• _Your objective_: From the line with "Допис Володимира Єфремова" through the line with "Mario Kart Update Removes Offensive Gesture", inclusive, return each line of the data below exactly and leave the rest out.

**** Source data

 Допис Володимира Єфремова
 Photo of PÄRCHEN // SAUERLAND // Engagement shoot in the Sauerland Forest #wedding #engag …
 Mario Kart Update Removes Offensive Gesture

********
**** Source data

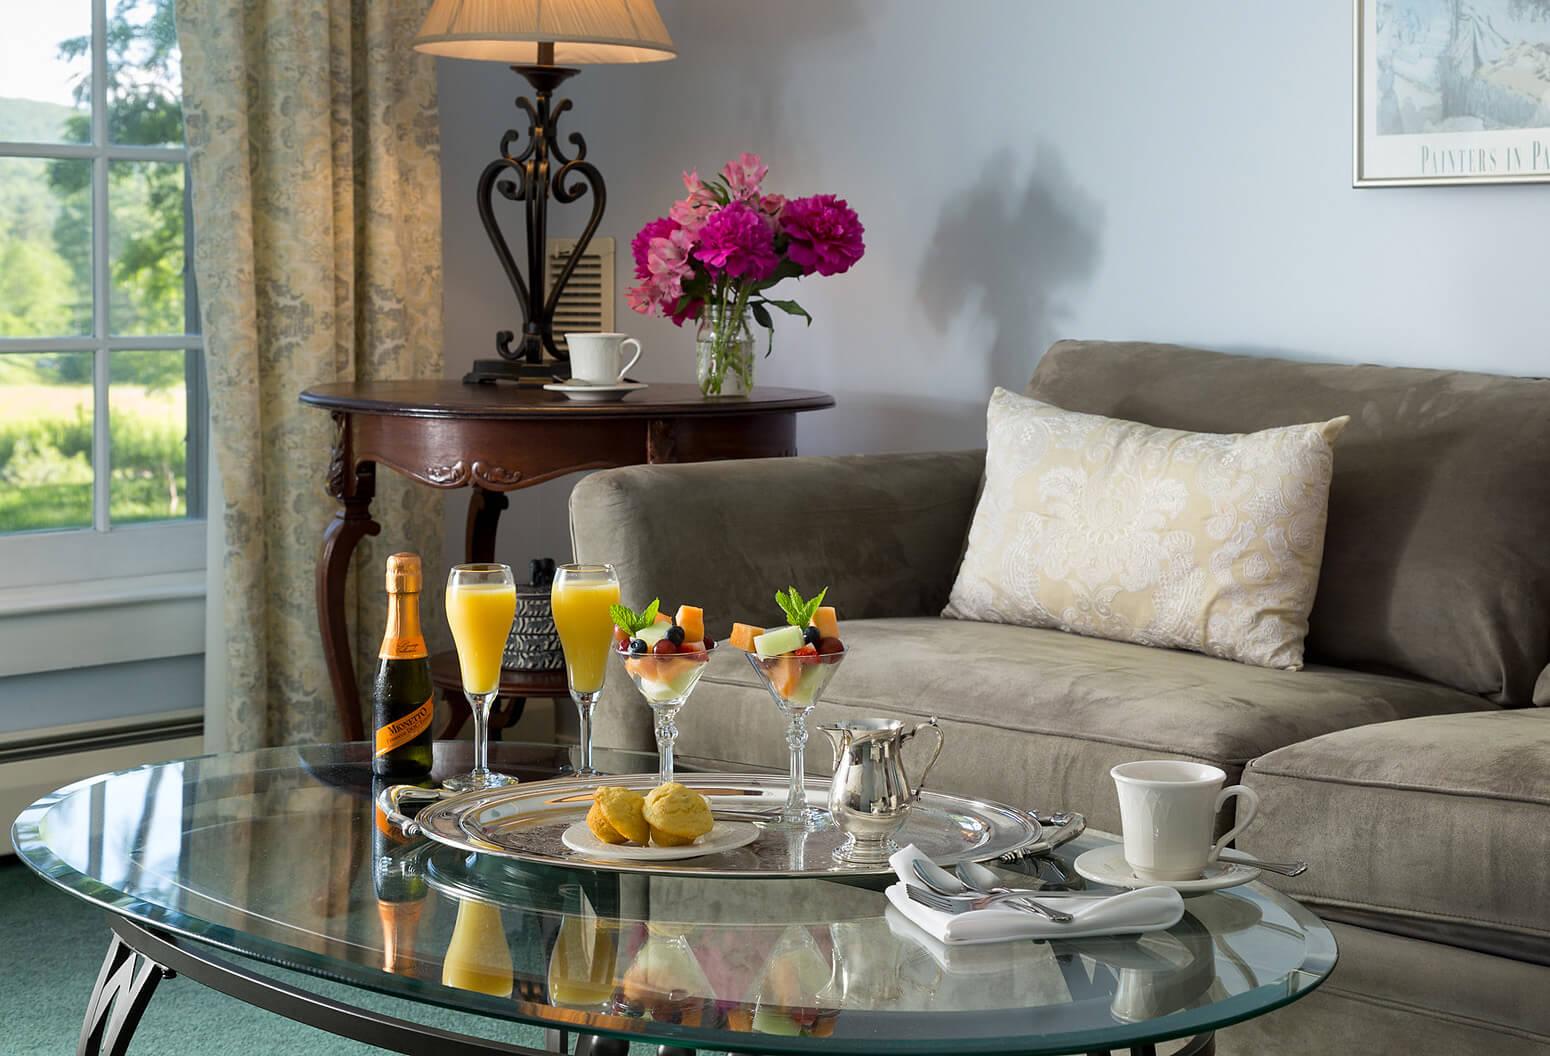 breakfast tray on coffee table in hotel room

********
**** Source data

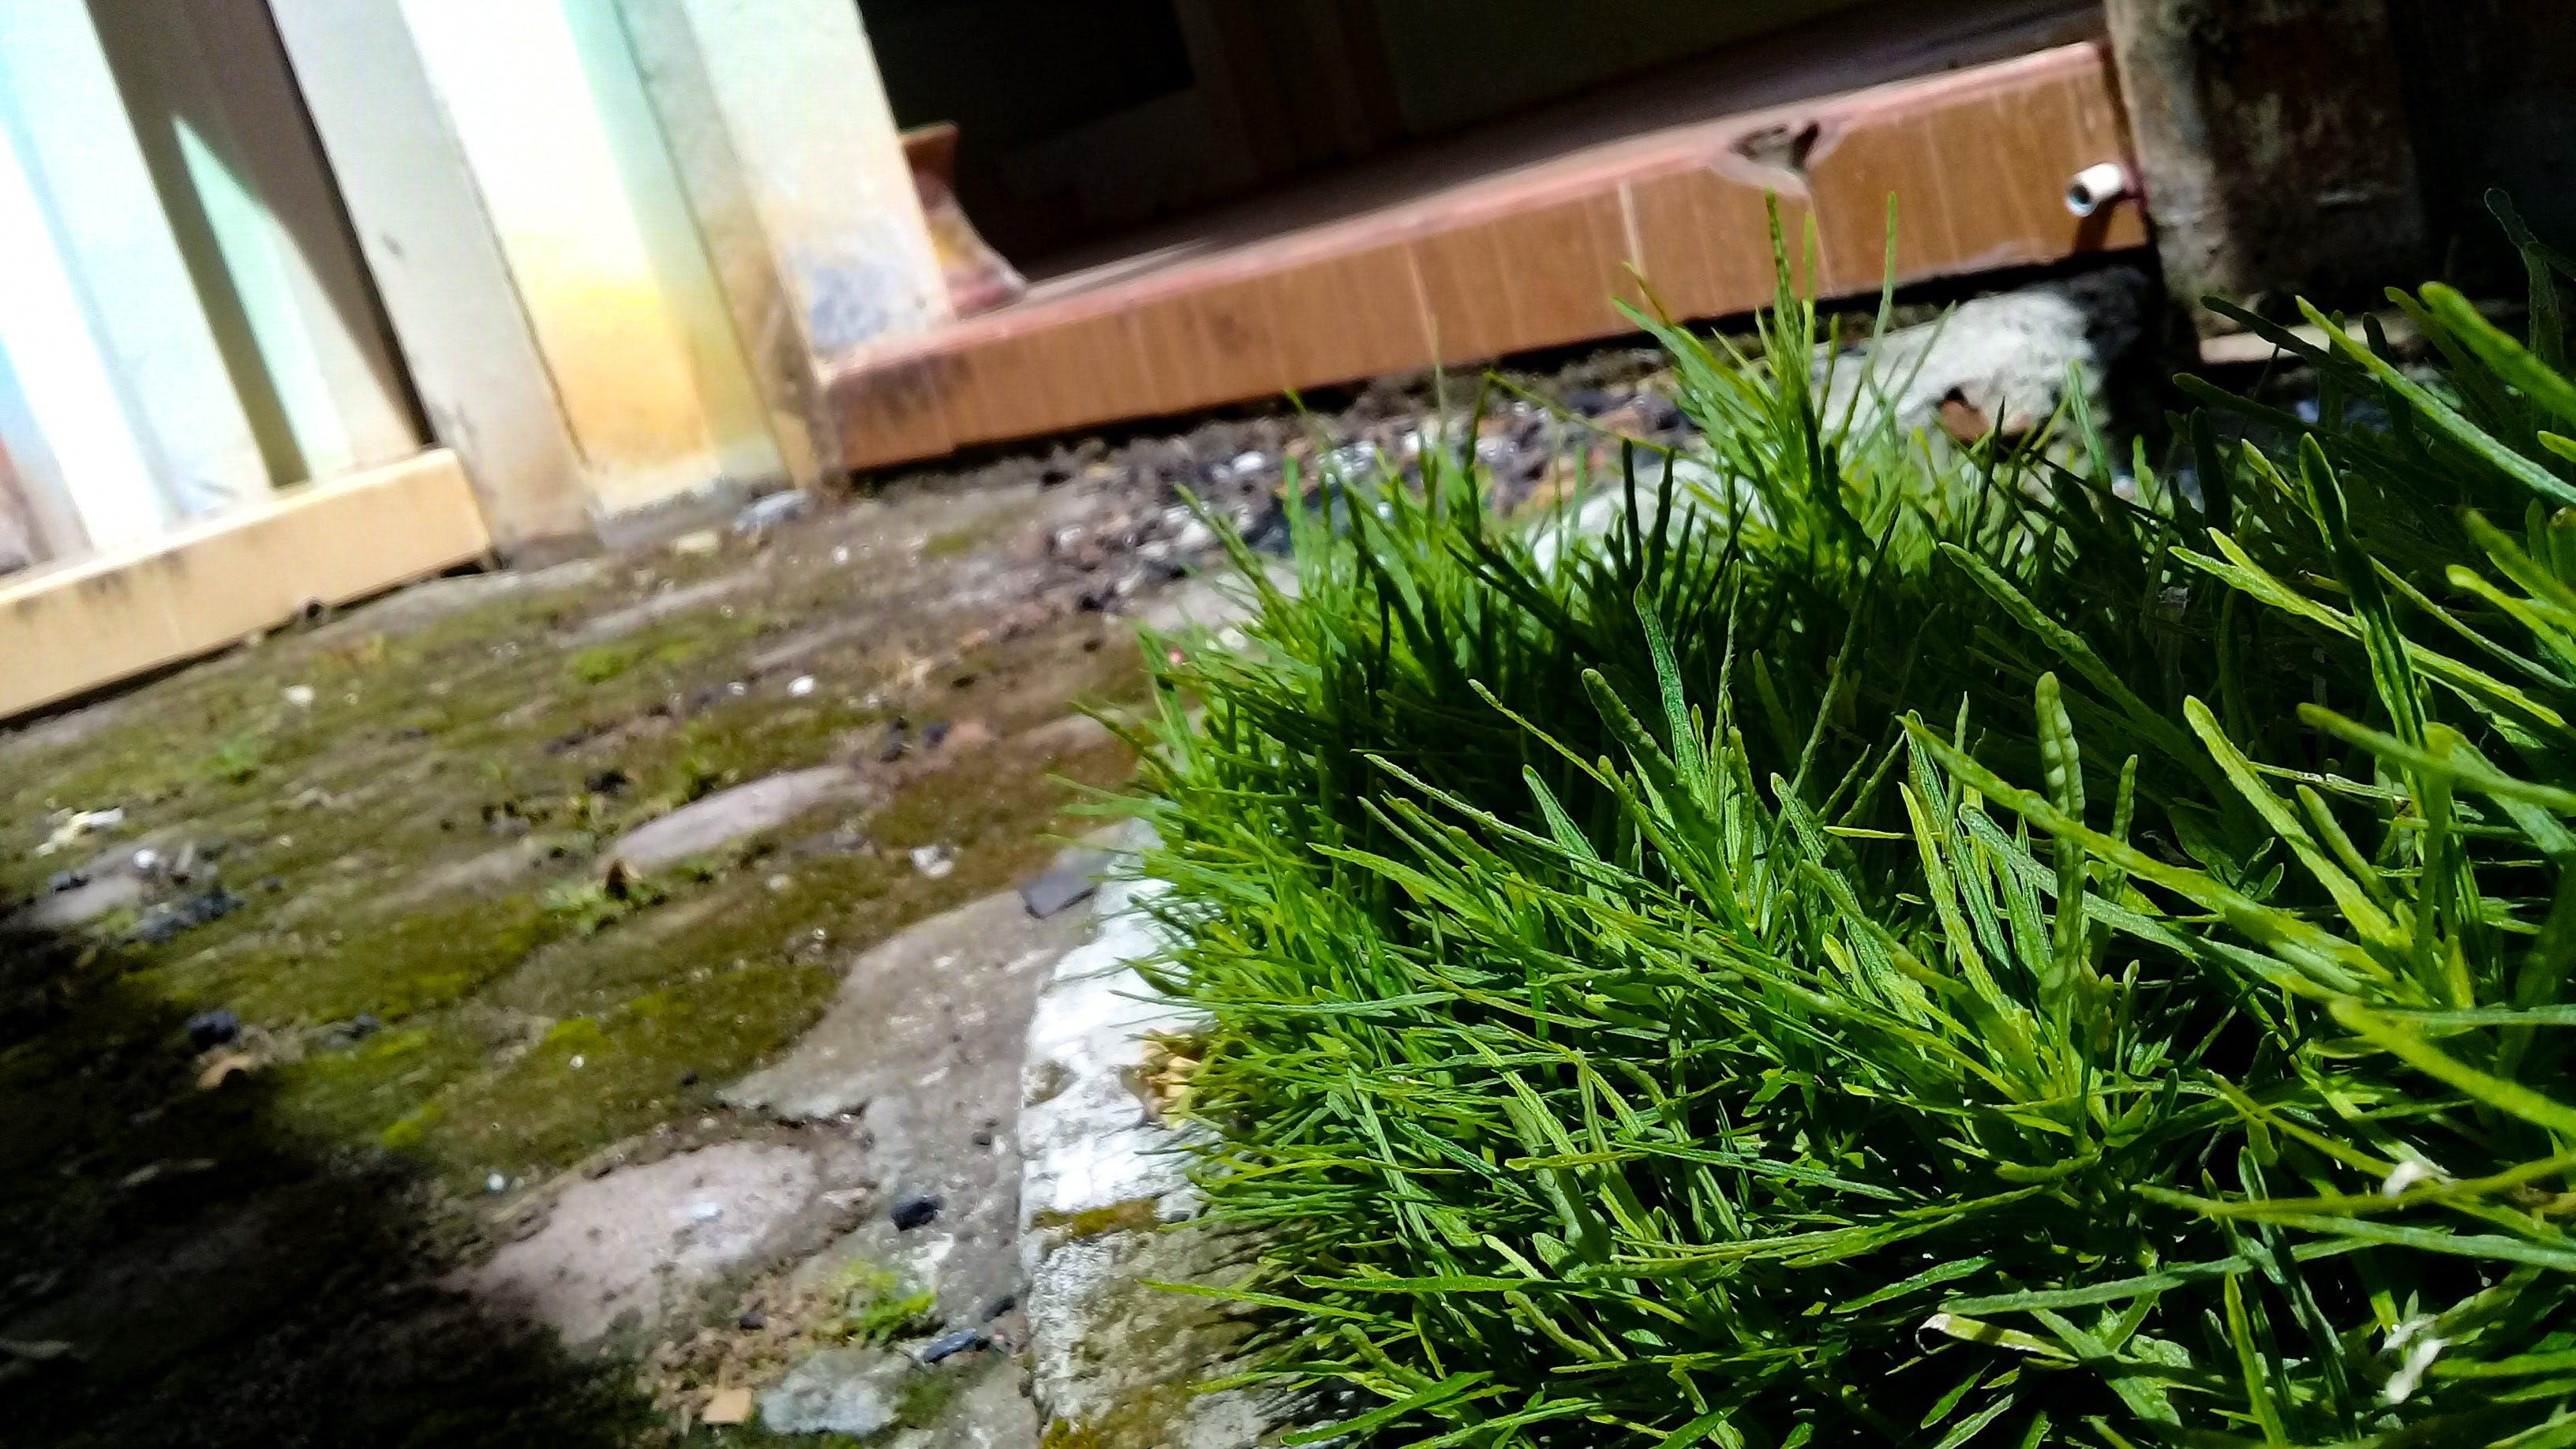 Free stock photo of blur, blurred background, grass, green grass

********

• _Result for this exercise_:
 Допис Володимира Єфремова
 Photo of PÄRCHEN // SAUERLAND // Engagement shoot in the Sauerland Forest #wedding #engag …
 Mario Kart Update Removes Offensive Gesture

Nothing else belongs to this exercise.